2. Ensaio de auto-ubiquização in vitro

  1. Preparação e execução de ensaios
    1. Calcule o volume de cada reagente necessário por reação com base nas molaridades dadas das proteínas e nas concentrações proteicas das soluções proteicas. Por reação de auto-ubiquização, use 100 nM E1, 1 μM E2, 1 μM E3 e 50 μM Ub. Ajuste o volume da reação para 20 μL com ddH2O.
      NOTA: A solução ATP e o buffer de ubiquização foram comprados como soluções de estoque 10x e usados em 1x.
    2. Prepare um esquema de pipetting para todas as reações. Teste nove enzimas E2 diferentes para sua capacidade de funcionar (I) com CHIP, (II) com um mutante CHIP (H260Q) catalíticomente inativo, e (III) sem CHIP em reações individuais de ubiquização.
    3. Para evitar erros de pipetação, prepare uma mistura mestre no gelo que contenha o volume necessário para todas as reações mais uma reação extra. Calcule a quantidade de mistura mestre necessária por reação.

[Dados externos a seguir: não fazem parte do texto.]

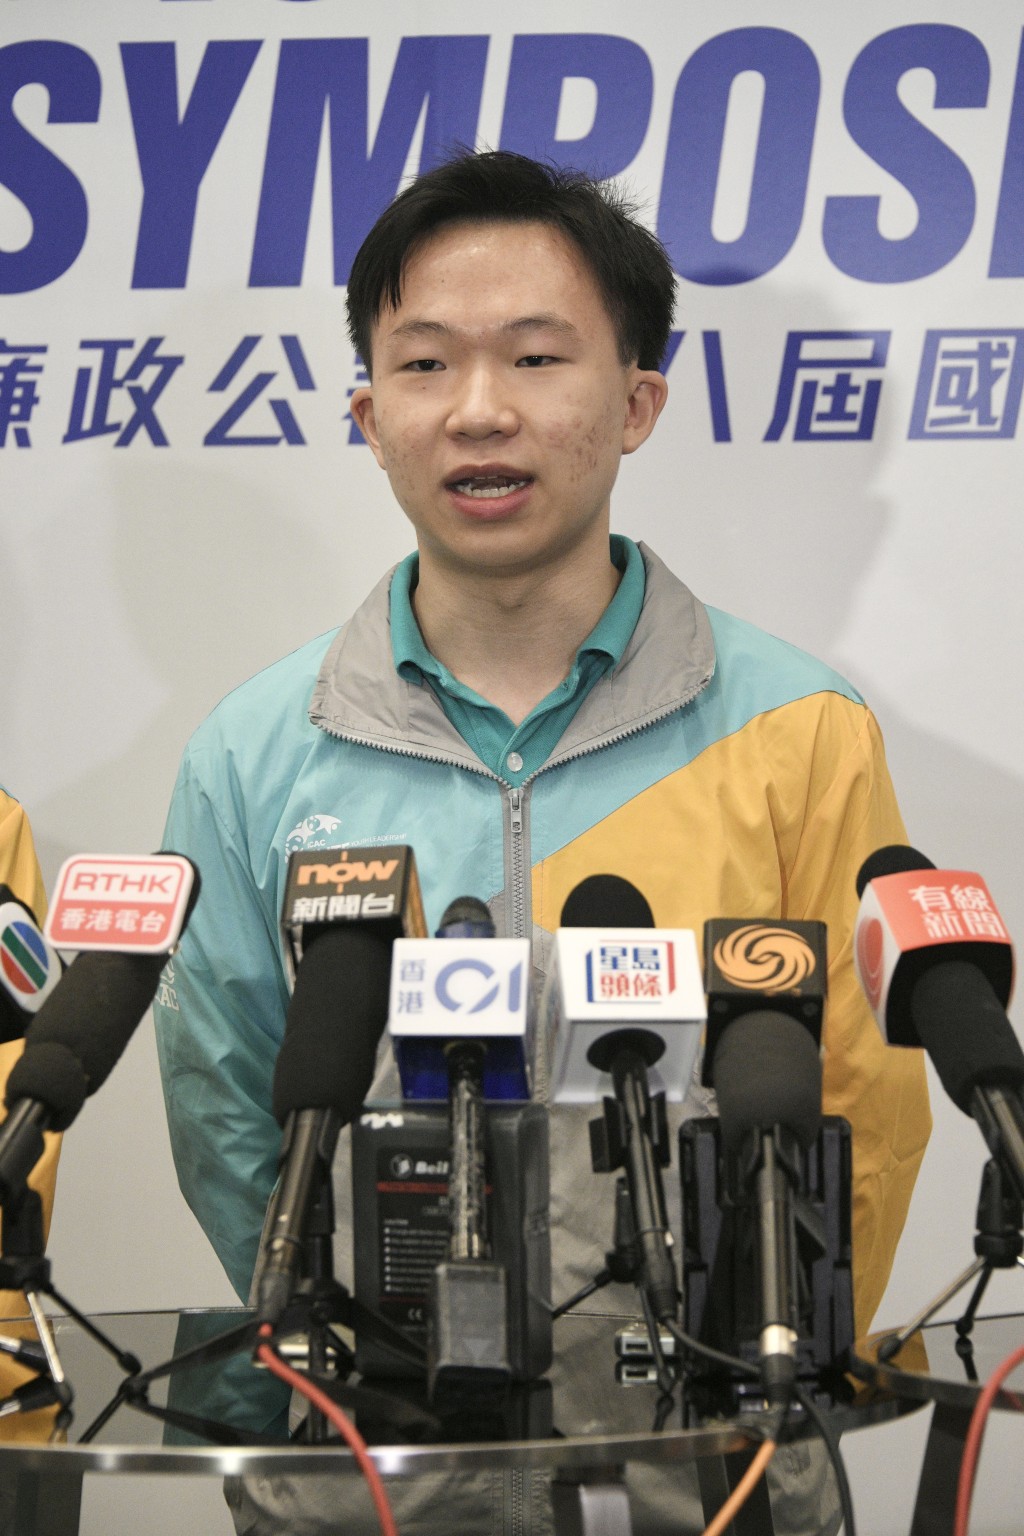 香港大学四年级学生张栢全表示，年轻人不仅是明日的领袖，亦可以是今日的领袖，为打击贪污出一份力。陈浩元摄

      NOTA: Os componentes do mix mestre são reagentes igualmente necessários para cada reação, ou seja,., E1, E3, Ub, ATP e tampão de ubiquização.
    4. Adicione ddH2O e misture mestremente aos tubos de reação de corrente de polimerase (PCR). Mantenha os tubos no gelo.

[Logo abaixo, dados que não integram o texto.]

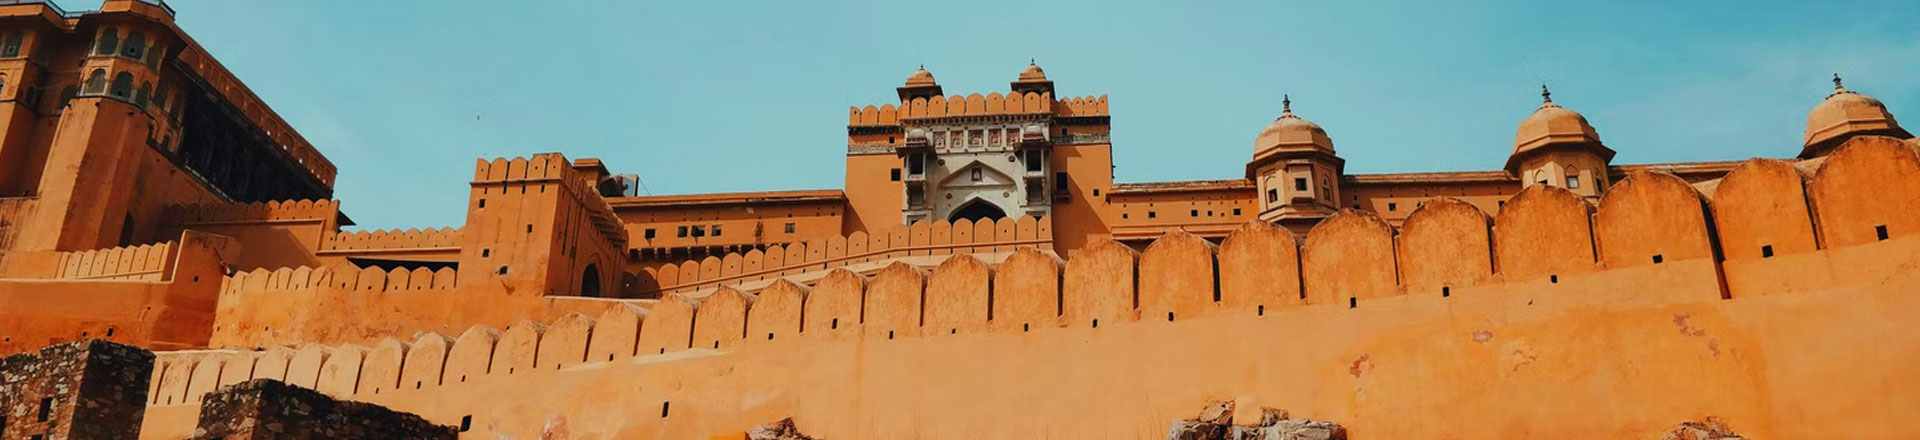 7 Days Delhi Agra Jaipur Ajmer Pushkar Tour

    5. Antes de iniciar as reações de ubiquização adicionando as enzimas E2, configure um ciclo de calor PCR com o seguinte programa: 2 h, 37 °C seguido de 4 °C, infinitamente.

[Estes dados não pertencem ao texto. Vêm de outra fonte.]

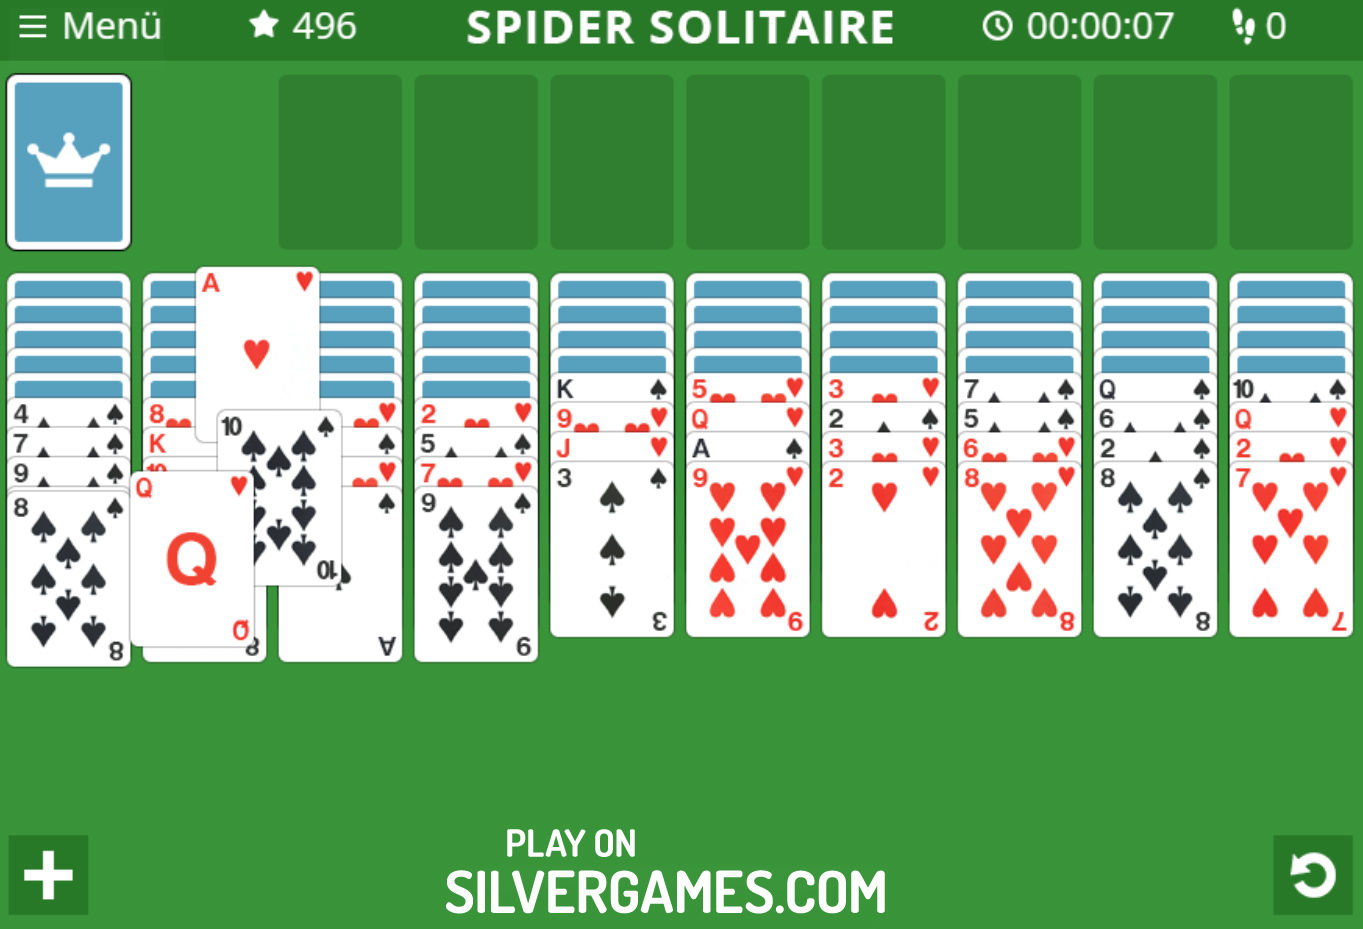 Spider Solitaire - Jogo Online - Joga Agora

    6. Adicione 1 μM das enzimas E2 nos respectivos tubos e incubar as amostras no ciclo térmico PCR pelo período de tempo indicado.
    7. Depois de 2h, adicione o buffer de amostra SDS a cada reação e misture por pipetação para cima e para baixo várias vezes.
      NOTA: O volume necessário do buffer amostral depende da concentração de estoque do buffer amostral. Aqui, 20 μL de tampão amostra de SDS 2x foram adicionados a cada reação.
    8. Ferva as amostras imediatamente a 95 °C por 5 min, e continue com eletroforese de gel de poliacrilamida (PAGE). Armazene as proteínas desnaturadas a -20 °C.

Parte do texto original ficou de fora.